[Stored data entries]
* * * * * * *
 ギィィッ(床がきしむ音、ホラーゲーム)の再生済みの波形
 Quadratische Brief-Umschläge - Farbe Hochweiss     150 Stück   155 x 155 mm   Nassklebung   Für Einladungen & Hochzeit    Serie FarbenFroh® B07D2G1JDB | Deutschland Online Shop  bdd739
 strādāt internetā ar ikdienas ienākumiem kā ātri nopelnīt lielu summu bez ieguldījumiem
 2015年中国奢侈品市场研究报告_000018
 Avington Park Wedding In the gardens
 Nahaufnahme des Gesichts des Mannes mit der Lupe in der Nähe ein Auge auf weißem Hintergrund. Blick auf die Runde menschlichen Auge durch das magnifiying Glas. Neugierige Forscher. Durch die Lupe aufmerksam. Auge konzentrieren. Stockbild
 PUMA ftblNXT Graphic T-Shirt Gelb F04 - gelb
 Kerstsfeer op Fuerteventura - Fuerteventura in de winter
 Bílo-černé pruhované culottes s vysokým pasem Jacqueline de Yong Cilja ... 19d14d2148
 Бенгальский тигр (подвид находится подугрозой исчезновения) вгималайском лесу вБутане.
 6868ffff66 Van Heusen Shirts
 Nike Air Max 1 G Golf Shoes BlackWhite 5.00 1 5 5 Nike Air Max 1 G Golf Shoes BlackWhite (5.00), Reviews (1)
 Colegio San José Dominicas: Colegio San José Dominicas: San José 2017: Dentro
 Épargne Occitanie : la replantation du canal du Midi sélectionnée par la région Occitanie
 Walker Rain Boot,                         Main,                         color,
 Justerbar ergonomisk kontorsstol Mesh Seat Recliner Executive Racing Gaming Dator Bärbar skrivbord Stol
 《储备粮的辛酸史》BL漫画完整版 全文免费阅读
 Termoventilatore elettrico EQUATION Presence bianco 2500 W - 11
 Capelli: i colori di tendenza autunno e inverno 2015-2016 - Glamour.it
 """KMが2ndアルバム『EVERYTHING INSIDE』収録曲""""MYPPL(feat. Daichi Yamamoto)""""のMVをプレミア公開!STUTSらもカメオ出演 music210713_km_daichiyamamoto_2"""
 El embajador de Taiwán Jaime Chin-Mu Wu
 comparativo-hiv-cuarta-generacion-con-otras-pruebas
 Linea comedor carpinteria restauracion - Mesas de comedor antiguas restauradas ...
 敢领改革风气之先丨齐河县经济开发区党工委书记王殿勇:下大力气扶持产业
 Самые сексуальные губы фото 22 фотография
* * * * * * *
Starting at the line above that holds "Kerstsfeer op Fuerteventura" and ending at the line that holds "Linea comedor carpinteria", transcribe each line exactly and include no other lines.

* **Finished exercise**:
 Kerstsfeer op Fuerteventura - Fuerteventura in de winter
 Bílo-černé pruhované culottes s vysokým pasem Jacqueline de Yong Cilja ... 19d14d2148
 Бенгальский тигр (подвид находится подугрозой исчезновения) вгималайском лесу вБутане.
 6868ffff66 Van Heusen Shirts
 Nike Air Max 1 G Golf Shoes BlackWhite 5.00 1 5 5 Nike Air Max 1 G Golf Shoes BlackWhite (5.00), Reviews (1)
 Colegio San José Dominicas: Colegio San José Dominicas: San José 2017: Dentro
 Épargne Occitanie : la replantation du canal du Midi sélectionnée par la région Occitanie
 Walker Rain Boot,                         Main,                         color,
 Justerbar ergonomisk kontorsstol Mesh Seat Recliner Executive Racing Gaming Dator Bärbar skrivbord Stol
 《储备粮的辛酸史》BL漫画完整版 全文免费阅读
 Termoventilatore elettrico EQUATION Presence bianco 2500 W - 11
 Capelli: i colori di tendenza autunno e inverno 2015-2016 - Glamour.it
 """KMが2ndアルバム『EVERYTHING INSIDE』収録曲""""MYPPL(feat. Daichi Yamamoto)""""のMVをプレミア公開!STUTSらもカメオ出演 music210713_km_daichiyamamoto_2"""
 El embajador de Taiwán Jaime Chin-Mu Wu
 comparativo-hiv-cuarta-generacion-con-otras-pruebas
 Linea comedor carpinteria restauracion - Mesas de comedor antiguas restauradas ...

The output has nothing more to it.